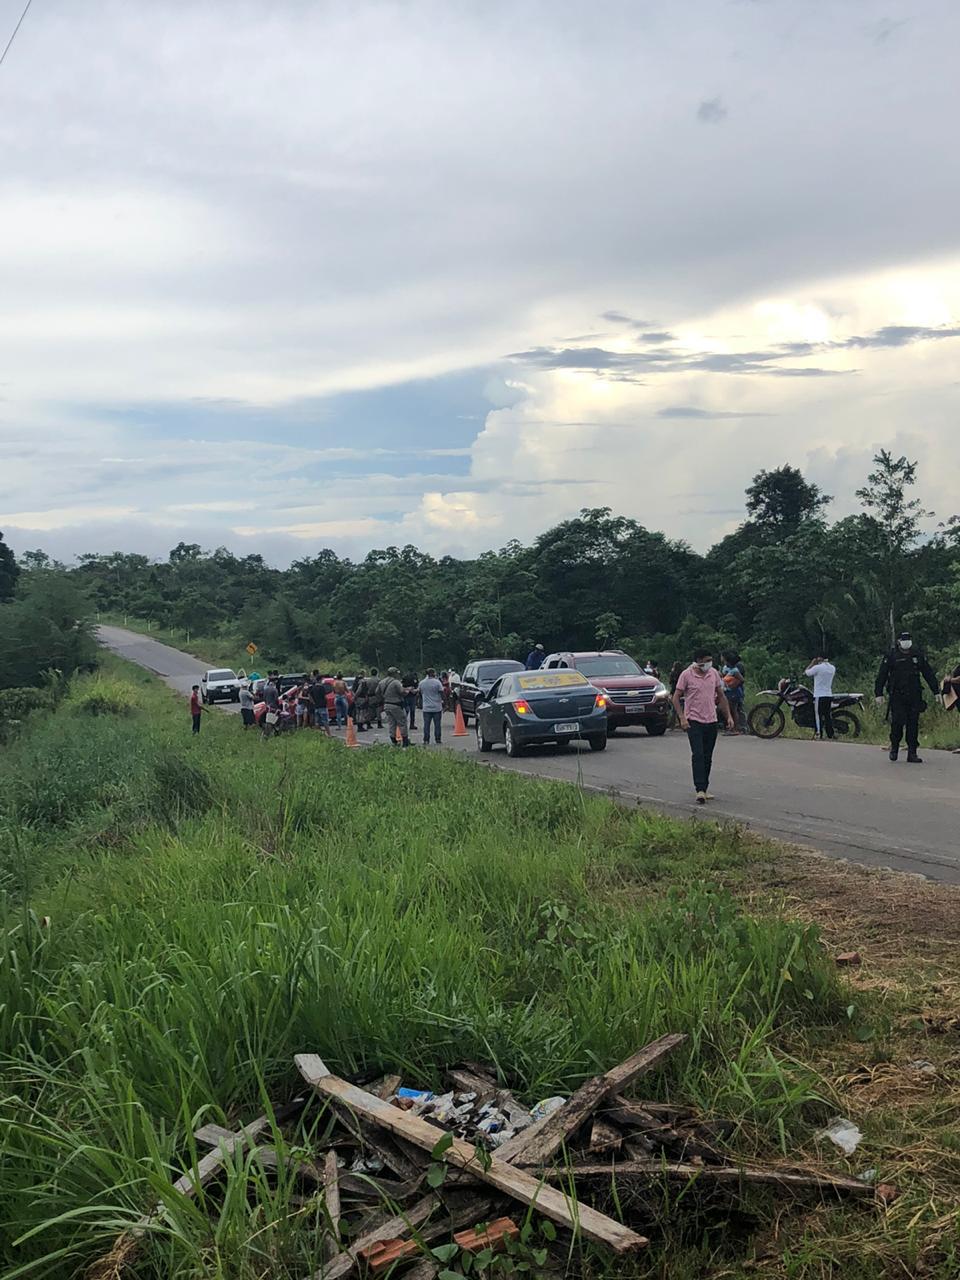 Em Tarauacá, moradores protestam contra decisão de juíza federal e apoiam bloqueio viário. 22.04.20
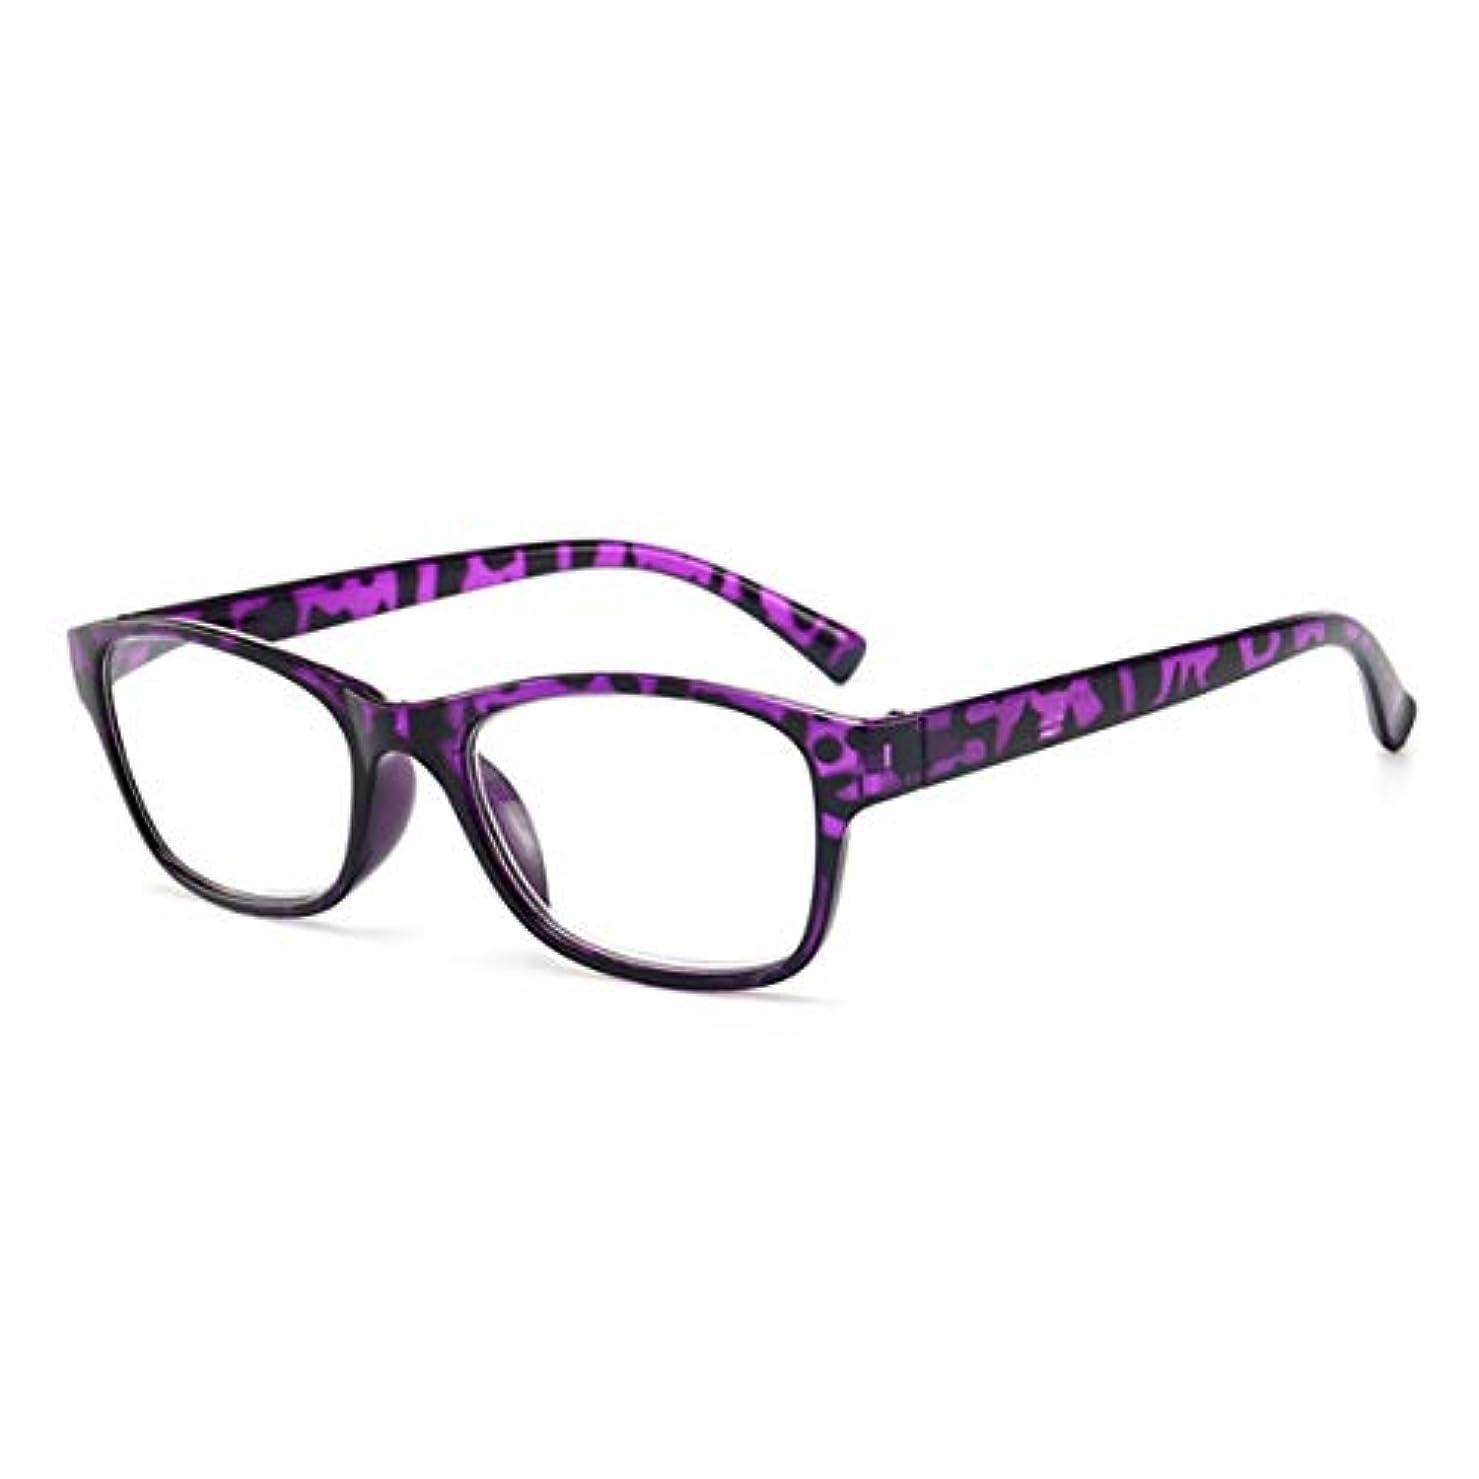 あいまいさご予約拮抗するIntercorey T18162老眼鏡視度+1.0から+4.0女性男性フルフレームラウンドレンズ老眼メガネ超軽量抗疲労
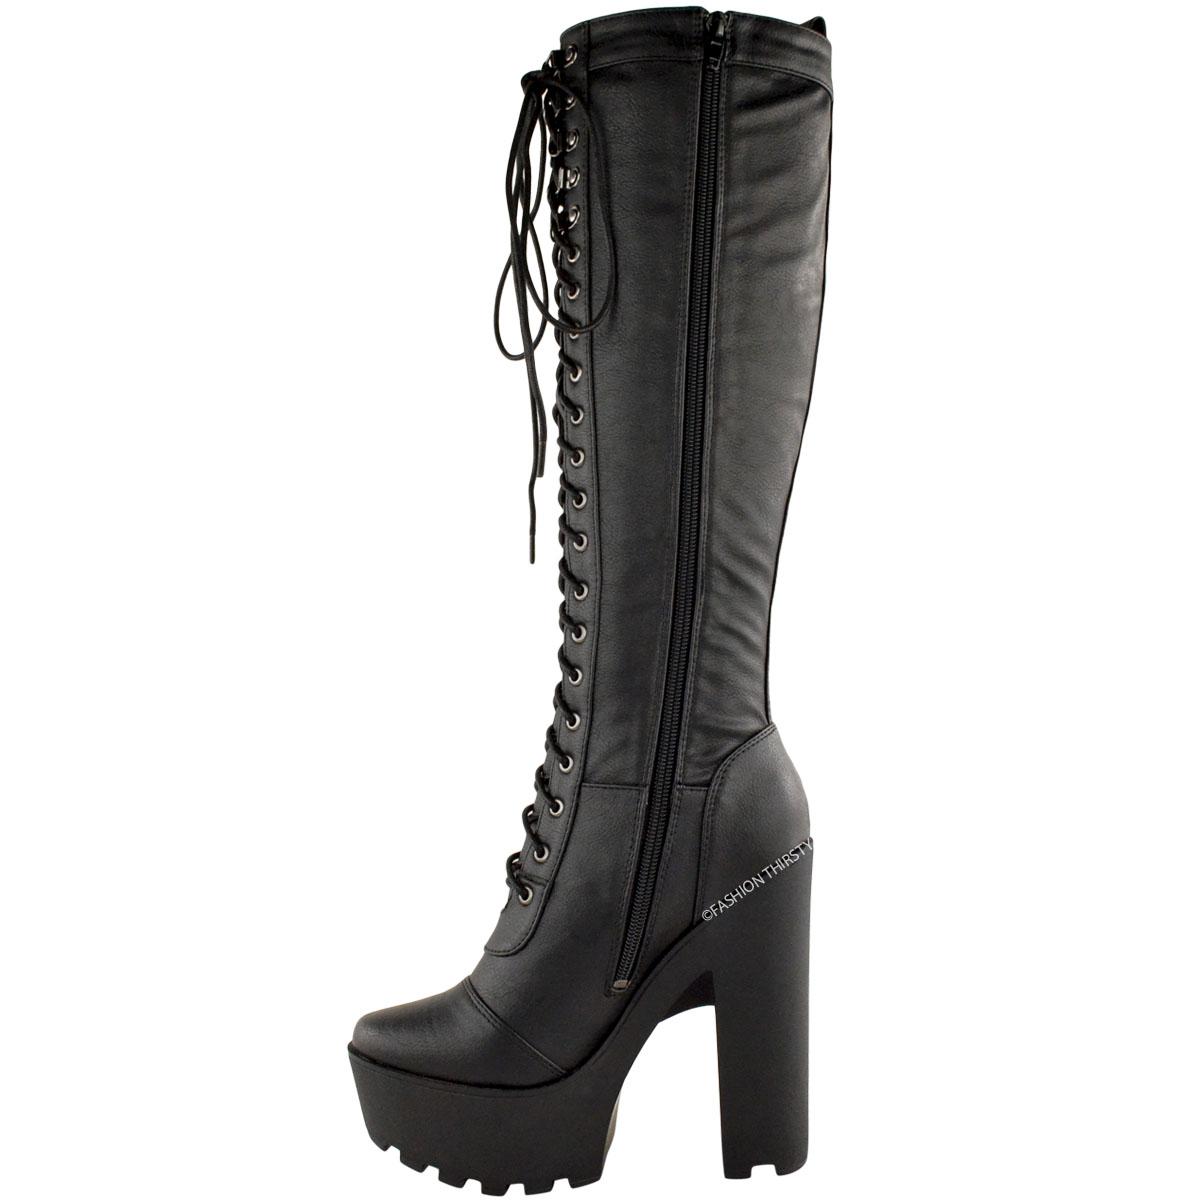 femmes talon haut hauteur genou bottes lacet bloc semelle compens e motard ebay. Black Bedroom Furniture Sets. Home Design Ideas

----------------------------------------

● INSTRUCTIONS FOR THE TASK
Write out all of the data above exactly, pictures excluded.

● WRITTEN ANSWER
 Em Tarauacá, moradores protestam contra decisão de juíza federal e apoiam bloqueio viário. 22.04.20
 あいまいさご予約拮抗するIntercorey T18162老眼鏡視度+1.0から+4.0女性男性フルフレームラウンドレンズ老眼メガネ超軽量抗疲労
 femmes talon haut hauteur genou bottes lacet bloc semelle compens e motard ebay. Black Bedroom Furniture Sets. Home Design Ideas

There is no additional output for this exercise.